The deal the Kurds’ struck this weekend with Syria and Russia was negotiated in Aleppo and finalized in Damascus, said Razan Hiddo, a senior Kurdish official. Kurdish forces will work side by side with the Syrian army to try to ward off the Turkish offensive, which began swiftly last week after Trump told Turkish President Reccep Tayyip Erdogan that U.S. troops would no longer be in the way.

Hiddo told the AP that the first part of the agreement will see Syrian forces deploy in the city of Manbij and be followed by Kobani — a strategic decision to keep the Turkish offensive from expanding west.

Another Kurdish official, Badran Ciya Kurd, said the deal applies only to military protection and was forced upon the Kurds once they determined that Trump’s decision could not be swayed.

“After we found that the U.S. decision is unwavering, we had to look into other options,” he said.

A combatant attends the funeral of five fighters for the Syrian Democratic Forces killed in battles against Turkey-led forces in the flashpoint town of Ras al-Ain along the border, on Oct. 14, 2019, in the Syrian Kurdish town of Qamishli. (Delil Souleiman/AFP via Getty Images)
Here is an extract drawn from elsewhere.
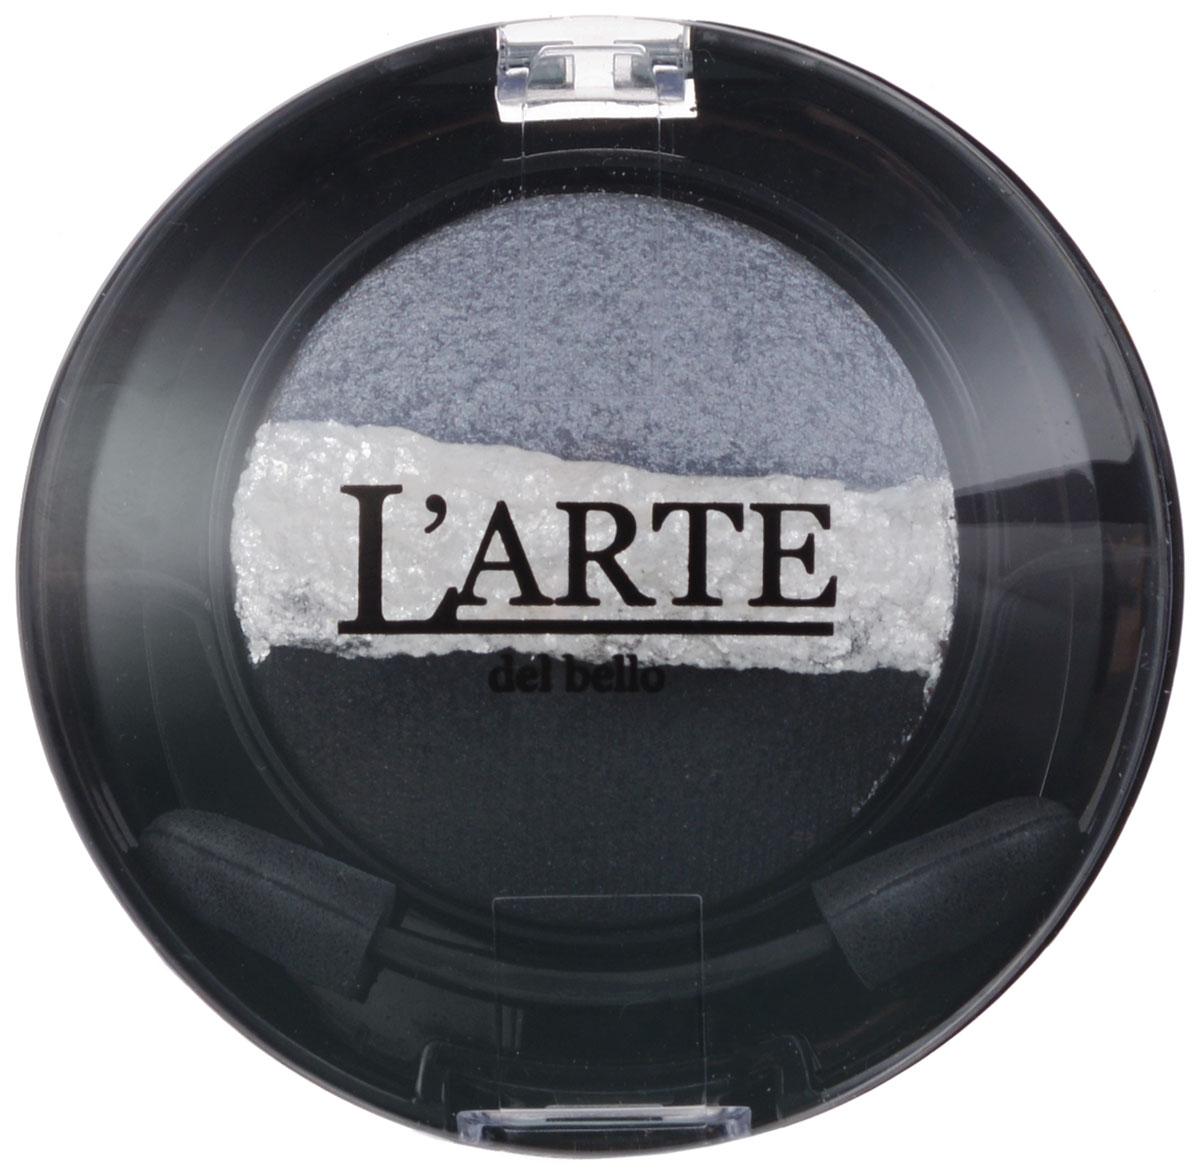 Larte del bello Тени для век Glamorous Trio, запеченные, тон 04 Тишина, 3 цвета, 2 г0304При изготовлении теней от Larte del bello Glamorous Trio использовалась особая производственная технология - запекание. Она позволяет получить дополнительный блеск и сияние. Тени на час помещают в специальную печь, разогретую до 65 градусов по Цельсию. Благодаря нагреванию тени приобретают особые свойства - это особенно заметно при нанесении влажным способом. Нанесенные влажным аппликатором, они образуют плотное, выразительное, сияющее и гладкое покрытие. Плотность нанесения можно варьировать, получая оттенок любой насыщенности. Тени держатся весь день, не скатываются в складочках века. Формула обогащена Витамином Е. Без парабенов. Товар сертифицирован.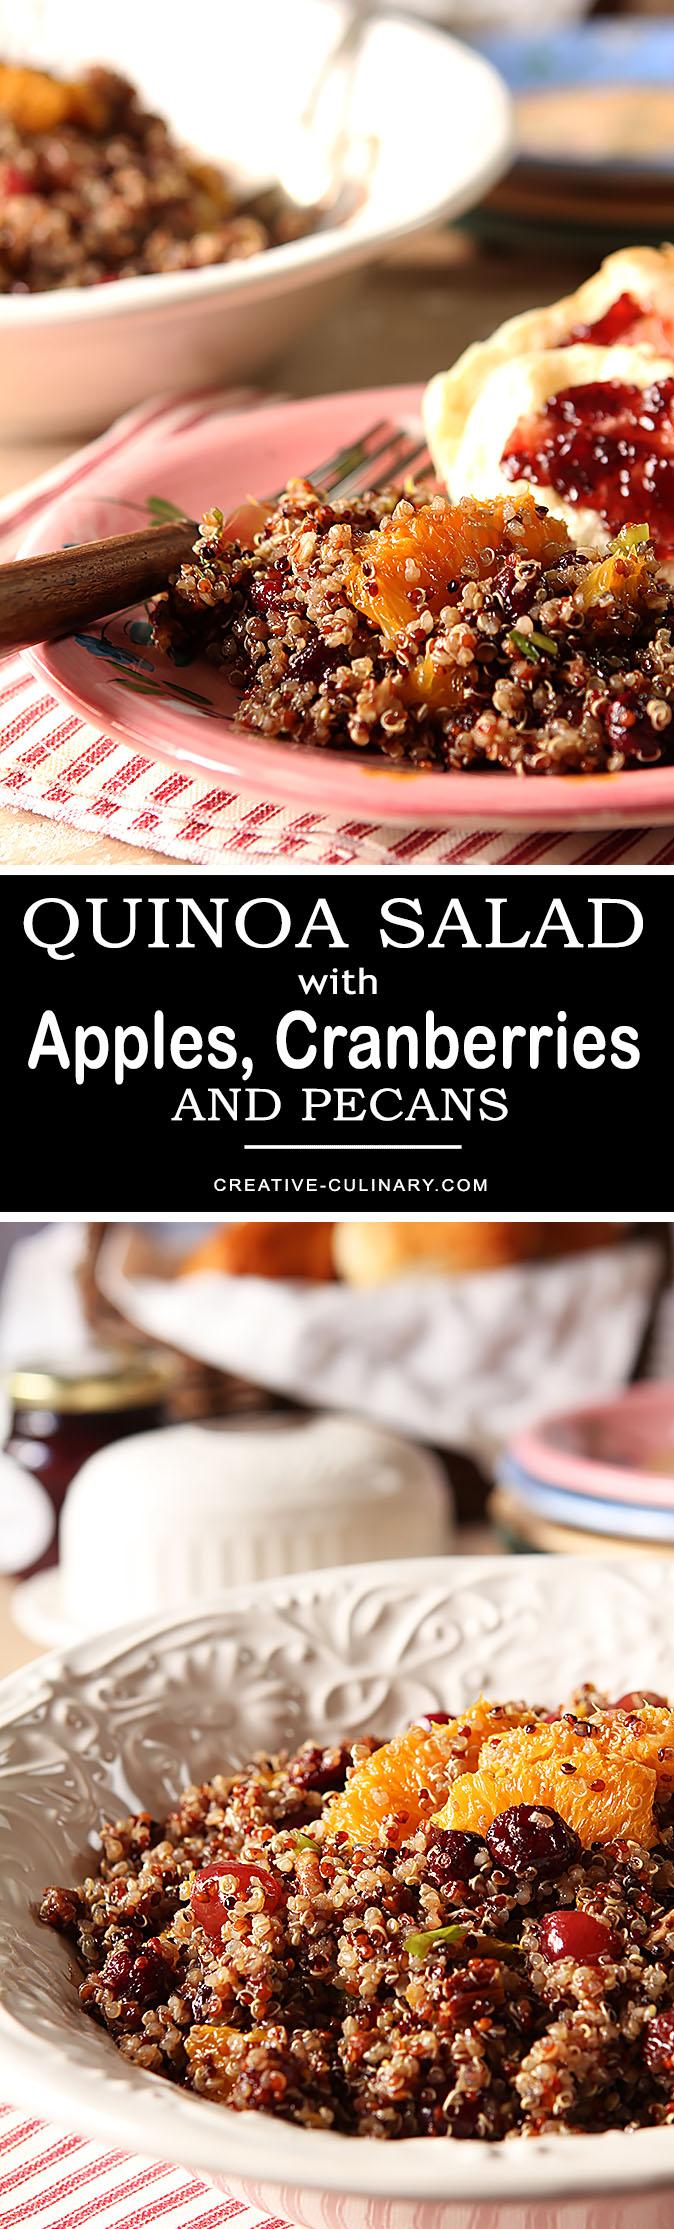 Quinoa Salad with Oranges, Cranberries and Pecans

On Tuesday, the results of the back channel were on clear display: Russia moved to fill the void left by the United States in northern Syria, deploying troops to keep apart advancing Syrian government forces and Turkish troops.

Syrian troops waved flags after they rolled into Manbij.

Trump, meanwhile, has dug in on his decision to pull out the troops, believing it fulfills a key campaign promise and will be a winning issue in the 2020 election, according to three White House officials and Republicans close to the White House.

It’s not a new issue for the president: He rallied around it in 2016 and, during his term, repeatedly urged bringing the troops home only to be talked out of it by moderating forces like Mattis and his former chief of staff, John Kelly.

But those guardrails are gone, and the issue never left Trump’s mind. He has told aides that the chants of “Bring them home!” from his rally crowds, including one in Minnesota earlier this month, are evidence that the decision is popular with his base — a key demographic as he heads into the 2020 election.

Russia and Syria, meanwhile, are in a strong position to fill the vacuum left by Trump.

Last week, Russian Foreign Minister Sergey Lavrov was asked about how both the Syrians and the Kurds were looking for Russia to step in as a mediator.

Lavrov made no promises, but said, “We’ll see what we can do.”

El Deeb reported from Beirut. Associated Press Writer Jonathan Lemire in Washington contributed to this report.